Andrew says nothing.
“Would you like to hear this sound? The sound of America?”
Andrew shakes his head weakly, causing his head and neck to hurt.
“At last! The baby has an opinion! Well, here is the devil, baby, you will hear anyway.”
The head growls then, showing the crooked teeth below that thick mustache. The growl grows into the sound of an engine starting up. A helicopter engine. It opens its mouth as the rotors of the unseen helicopter spin more rapidly, then, as the rotors chop and roar at flight velocity, it opens its mouth impossibly wide and blows a jet of wind, hot and stinking of gasoline, blowing the straw in the stables about furiously, frightening the sheep away and scattering a trio of hens. The idiot brother shields his cigarette with his cupped hands, but it blows away anyway, and he cries.
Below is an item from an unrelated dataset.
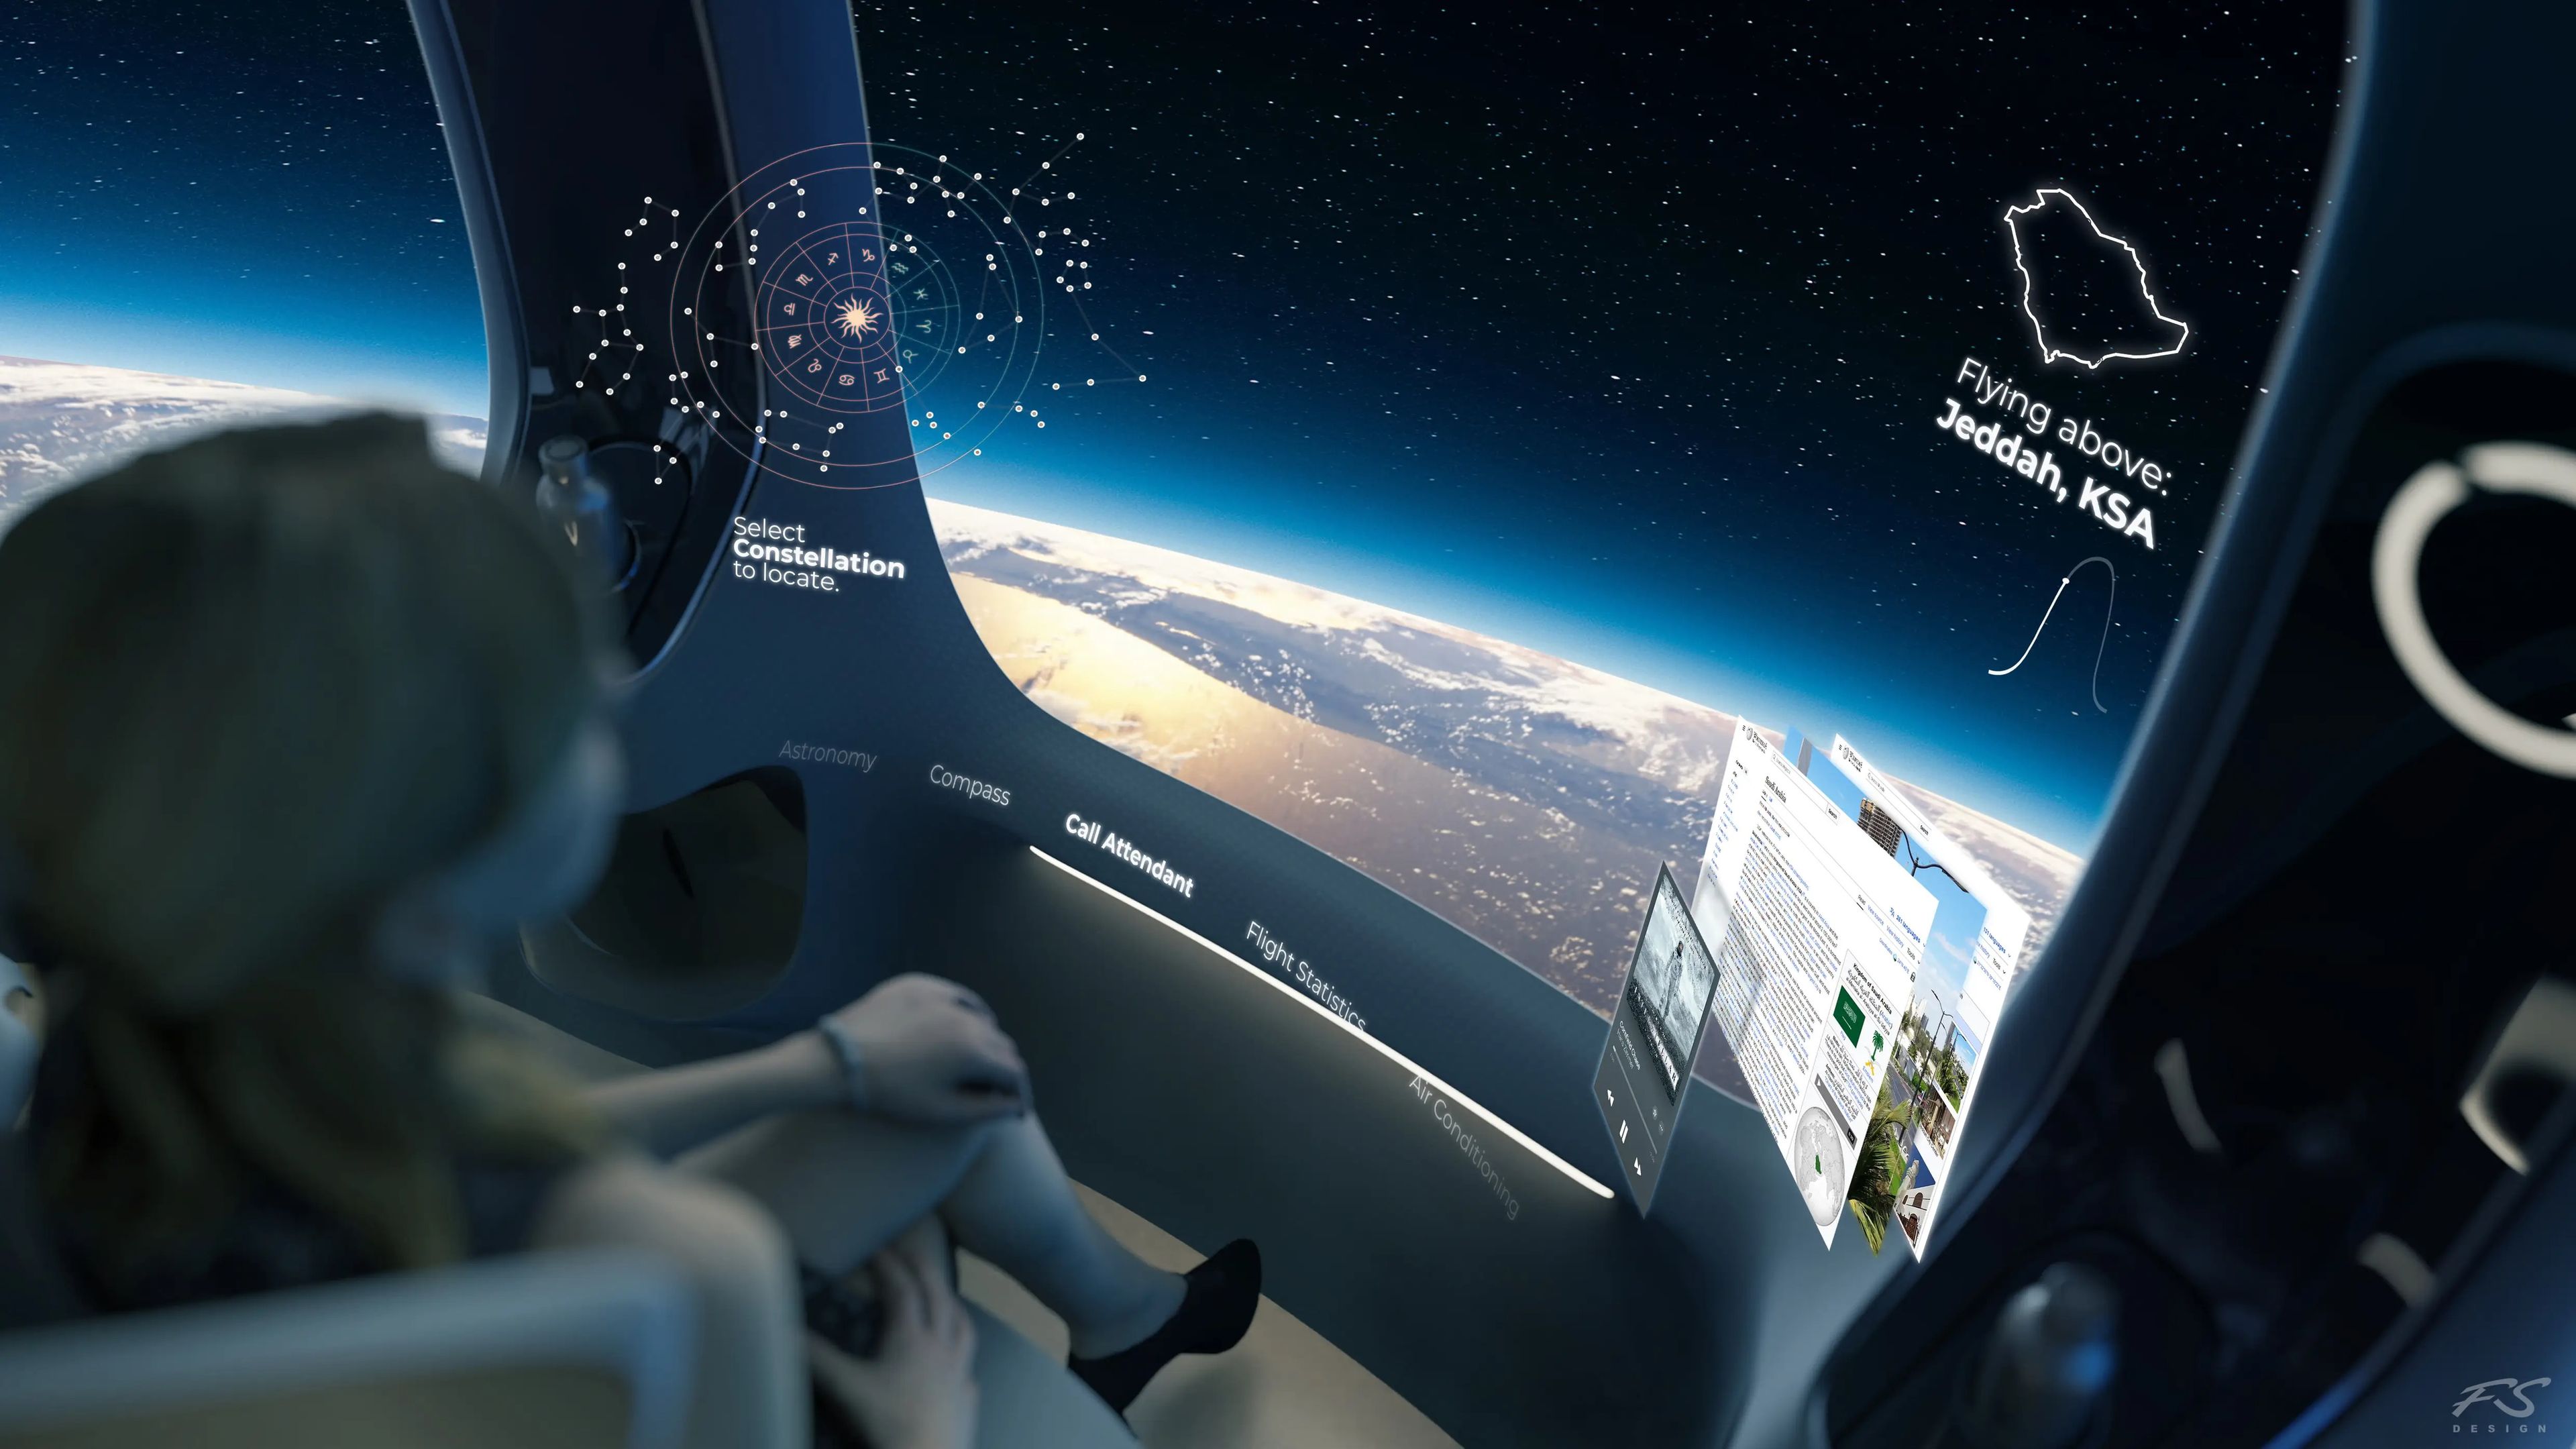 A generated image shows the concept for Halo Space's augmented reality features, with space in the background.
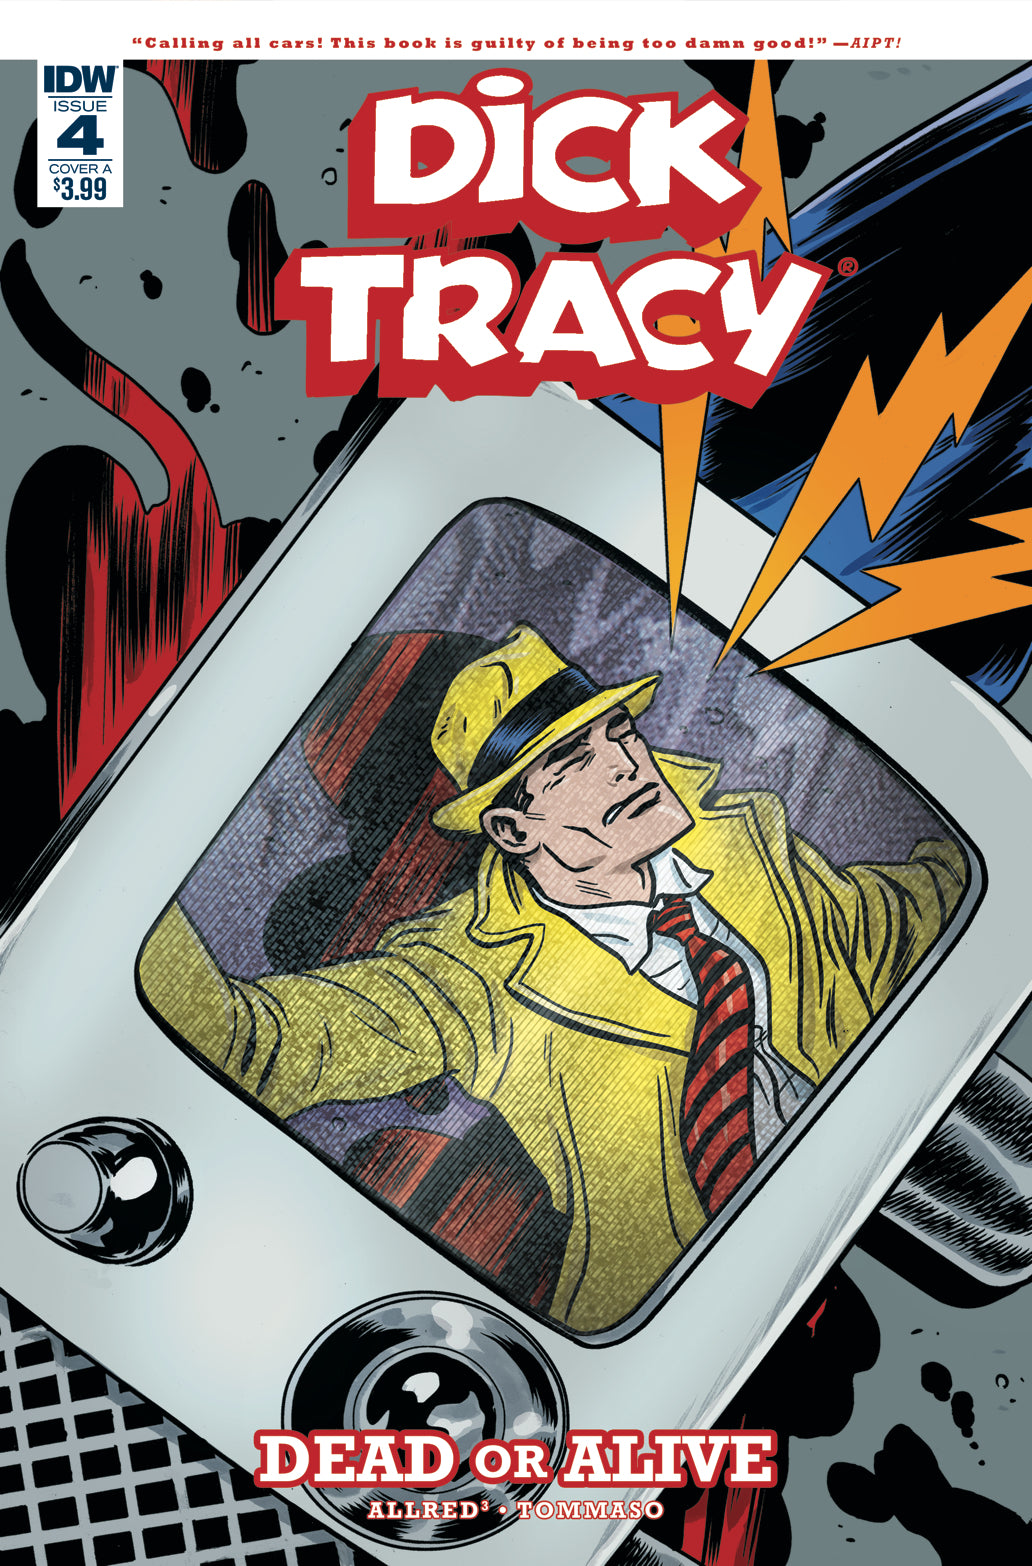 DICK TRACY DEAD OR ALIVE #4 (OF 4) CVR A ALLRED COVER

The head shuts its mouth now, cutting off the roaring wind.
“It’s all right, Ivan. America is gone now, and it is time for hot towels.”
“Hot towels? I like hot towels.”
“I know. Hot towels feel nice.”
Now the boy comes from behind Andrew
Neck hurts too much to turn and see where he came from
somehow carrying a bucket, towels, a lit oil lamp, and a shaving box. The boy has his leg back on
?
but limps slightly as he sloshes the steaming bucket along.
His big brother fetches himself a stool and sits, chin poked forward, loosening his collar. The boy packs a steaming towel around the simple man’s neck and he coos.
The headless body now comes, washes the horse sweat from its hands in the soapy water, unwraps the towel, and then soaps and shaves Ivan’s face, gently slapping a cheek when it wants him to pucker and tighten.
It wields the straight razor expertly.
Andrew shudders.
If they were going to hurt me, they would have done it already
Says who?
“Hurt you?” the head says from its tines, squinting with concentration at the remote-control shaving job its body undertakes. “More light!” it barks, and the boy winds the tiny knob that adjusts the length of the wick, leaning the lamp closer.
“Now you’re in my way.”
The boy steps to one side.
“Good. Stay there.”
It hawks and spits a black clot and then addresses Andrew again.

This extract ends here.